Наконец лестница привела ее к узенькой деревянной дверке. Заперто. Деа начала стучать кулаком. Ей хотелось плакать, но в горле пересохло, глаза жгло. В душе было пусто, будто все чувства выгорели.
- Впусти меня! - Голос отразился эхом от стен и тоже прозвучал гулко и пусто, словно чужой. Неужели отец обманул, одурачил? Деа продолжала стучать и звать: - Пожалуйста, пожалуйста, впусти меня!
- Деа, это ты?
Деа попятилась, подавив рыдание. Это обман, наверняка обман! Ее охватил страх, какого еще не бывало в жизни, какого она не испытывала, даже когда пропала Мириам. Она не хотела, чтобы дверь открылась, и не могла выдержать клейкие секунды ожидания, которые растягивались в целую вечность. Деа не могла дышать. Ей хотелось плакать - и убежать.
Дверь открылась, и на пороге оказалась Мириам - живая и настоящая.
Деа застыла на месте.
Мириам изменилась - настолько, что Деа стало неловко. Волосы свободно падали на спину, одета она была в длинное белое платье, очень простое и совсем непохожее на то, в чем она ходила в реальной жизни. Мириам была босиком, руки обвиты плетями плюща, словно длинными браслетами. Мама выглядела гораздо лучше, чем запомнила Деа: она уже не казалась болезненно худой, глаза блестели ярче. Пребывание в городе снов питало ее и придавало сил. На миг Деа ощутила неприязнь.

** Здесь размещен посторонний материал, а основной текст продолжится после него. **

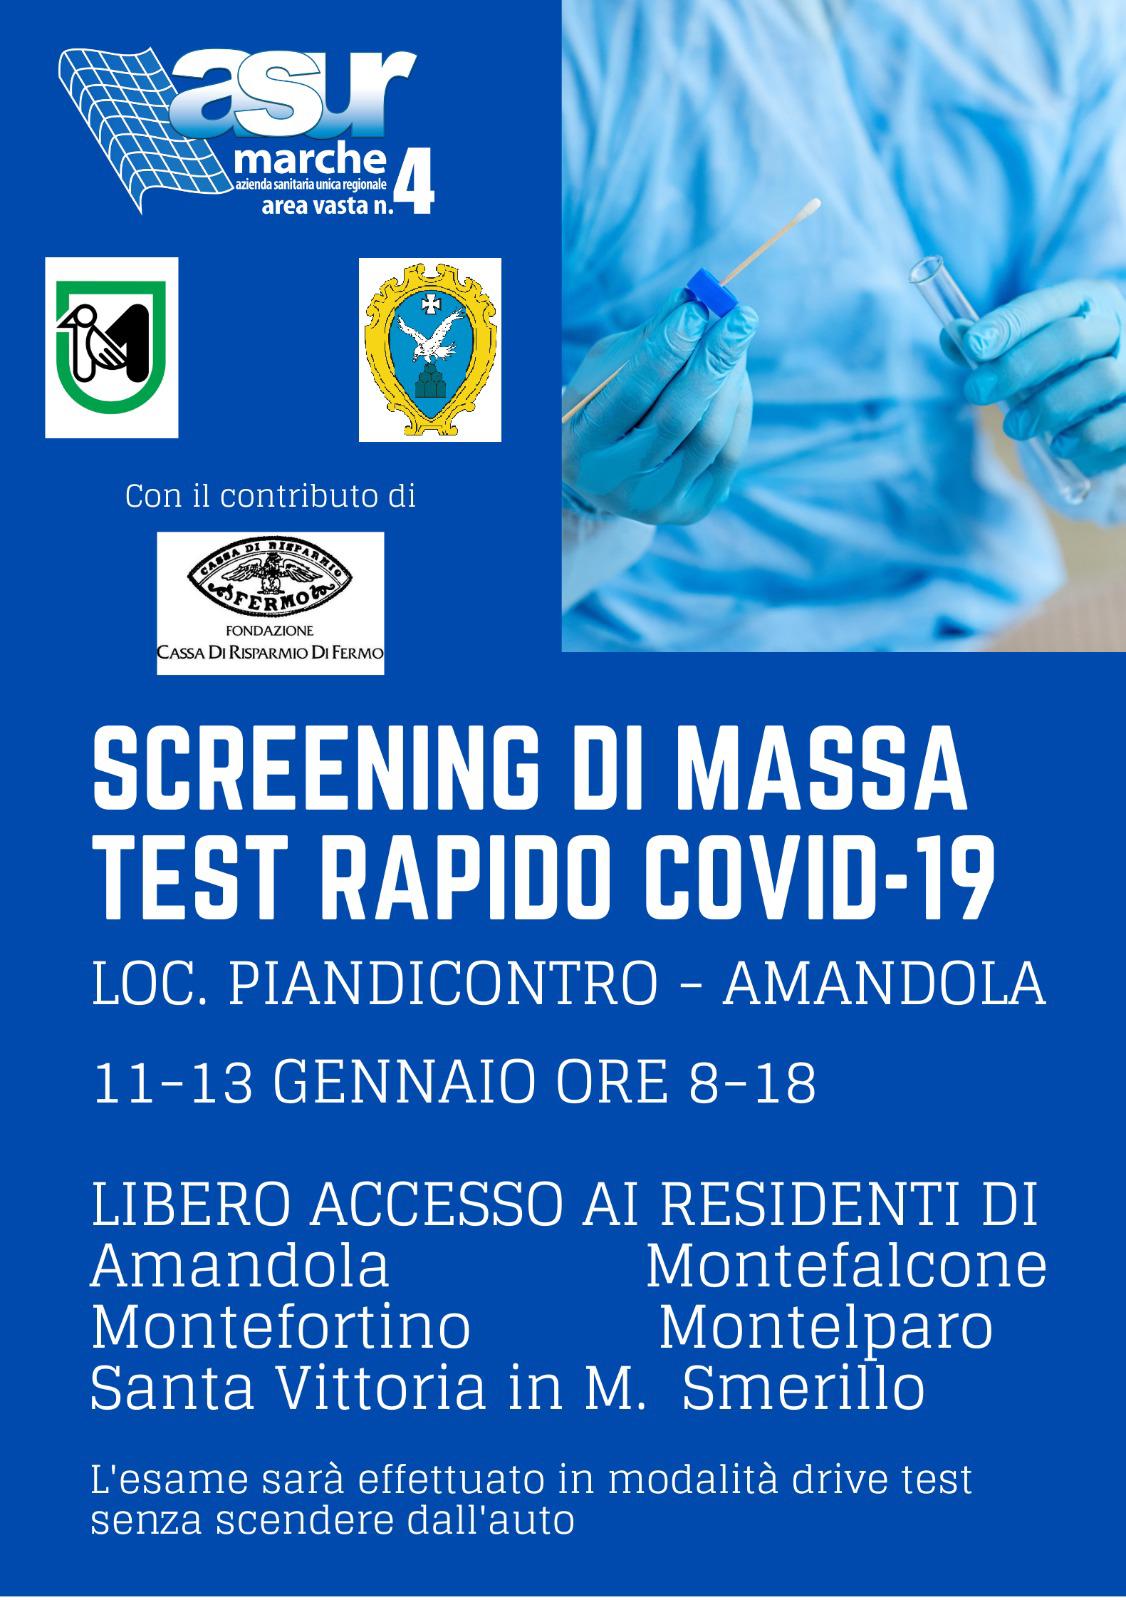 SCREENING DI MASSA TEST RAPIDO COVID-19. AGGIORNAMENTO 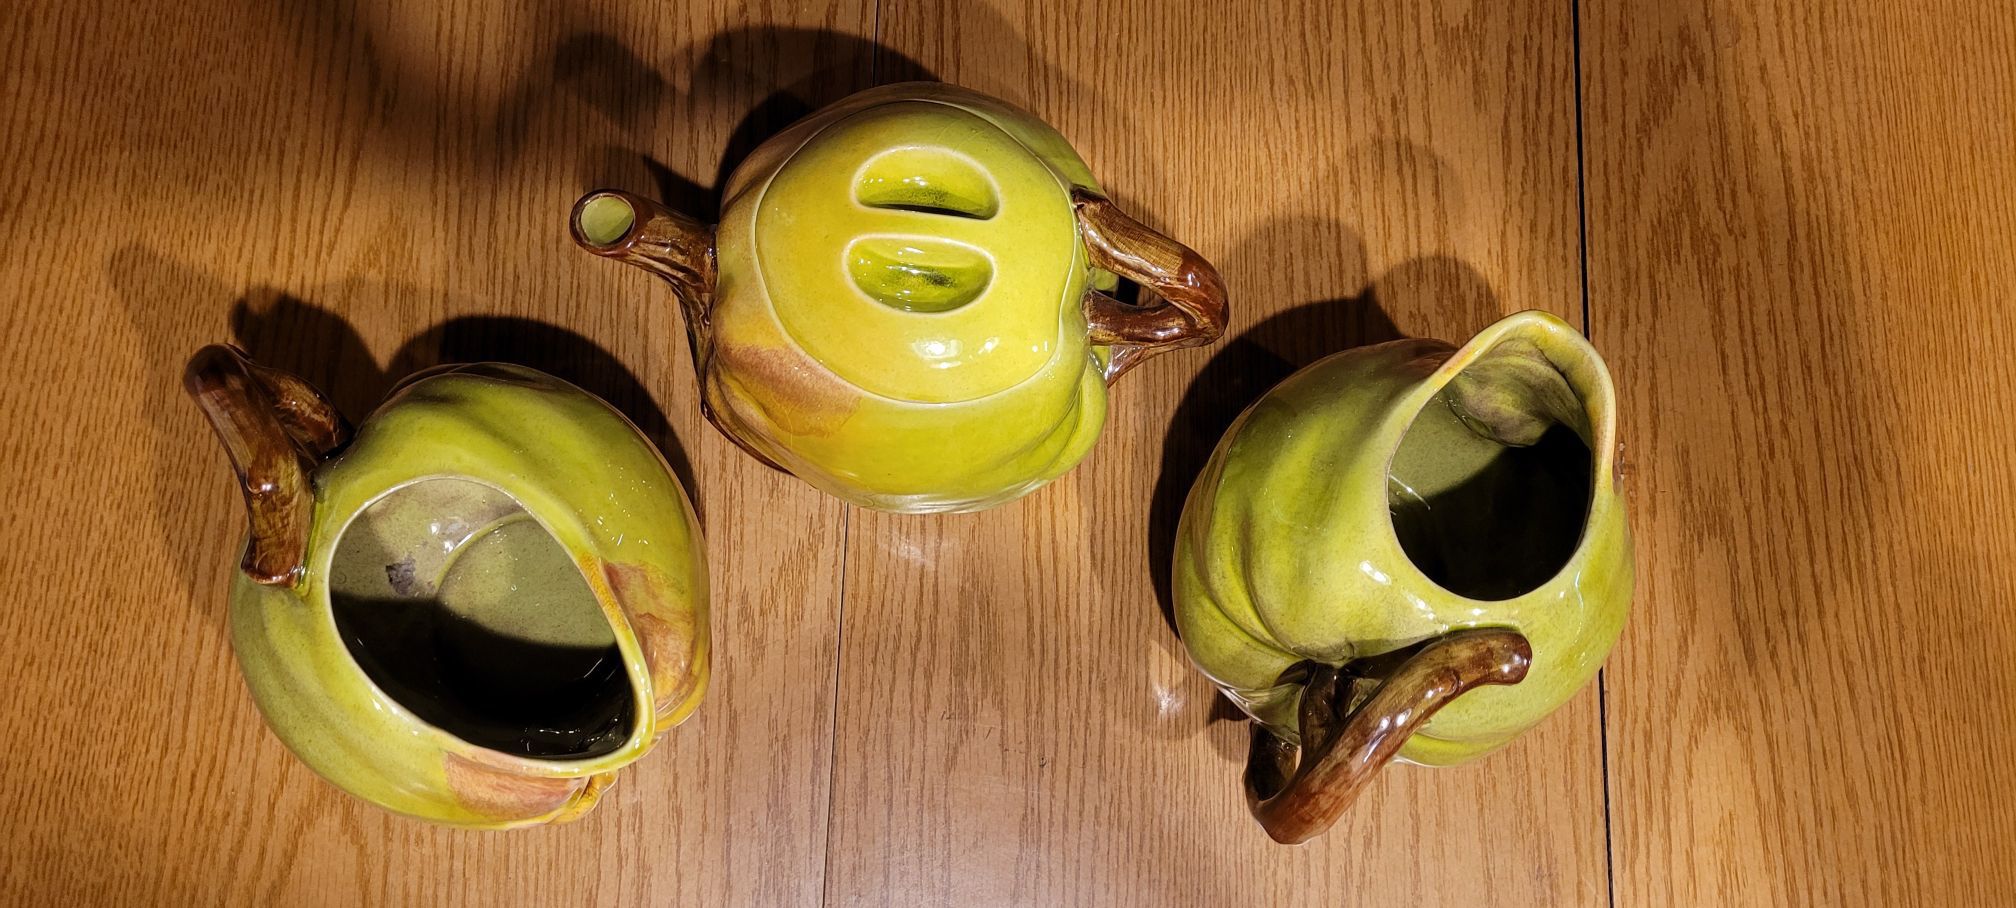 2 Pitchers And A Tea Pot Ceramic Green Pumpkins

Она поняла, что все сказанное отцом - правда.
- Ты нашла меня, - мягко произнесла Мириам, и неприязнь ушла. Пропало все, кроме огромного облегчения, и Деа нетвердыми шагами подошла и обняла мать. Пахло от Мириам как раньше - мылом и клубникой, долгими летними днями, блестящим асфальтом и открытыми окнами. Домом. Деа наконец дала волю слезам. В объятиях матери она рыдала, трясясь всем телом, зная, что теперь все будет хорошо - мама все поправит.
- Я ждала, что ты придешь, - сказала Мириам в волосы Деа, тихонько укачивая ее, как в детстве. - И боялась, что придешь. О Деа, я была ужасной матерью. Прости меня. Ты сможешь меня простить?
- Да, - прошептала Деа. Ей полагается требовать объяснений и бушевать от возмущения, но она уже простила матери все, что было прощать. Мириам рядом, живая и настоящая. Важнее этого ничего нет.
Мириам улыбнулась, но глаза остались грустными.
- Проходи, посмотришь, как я живу, - она потянула Деа за руку.
- Мама, - Деа выдернула руку, не зная, что сказать, но слова вылетели сами: - Мам, пожалуйста, уйдем домой!
- Детка, - Мириам взглянула на дочь огромными синими глазами с любовью - и раздражением, - это и есть мой дом.
- Нет! - То же самое сказал король, но Деа не могла с этим смириться. - Твой дом со мной, в Филдинге - или там, куда мы уедем, в Калифорнию или Санта Фе, Сент Луис или Новый Орлеан. Мам, ты же всегда хотела в Новый Орлеан! - затараторила она, не в силах замолчать.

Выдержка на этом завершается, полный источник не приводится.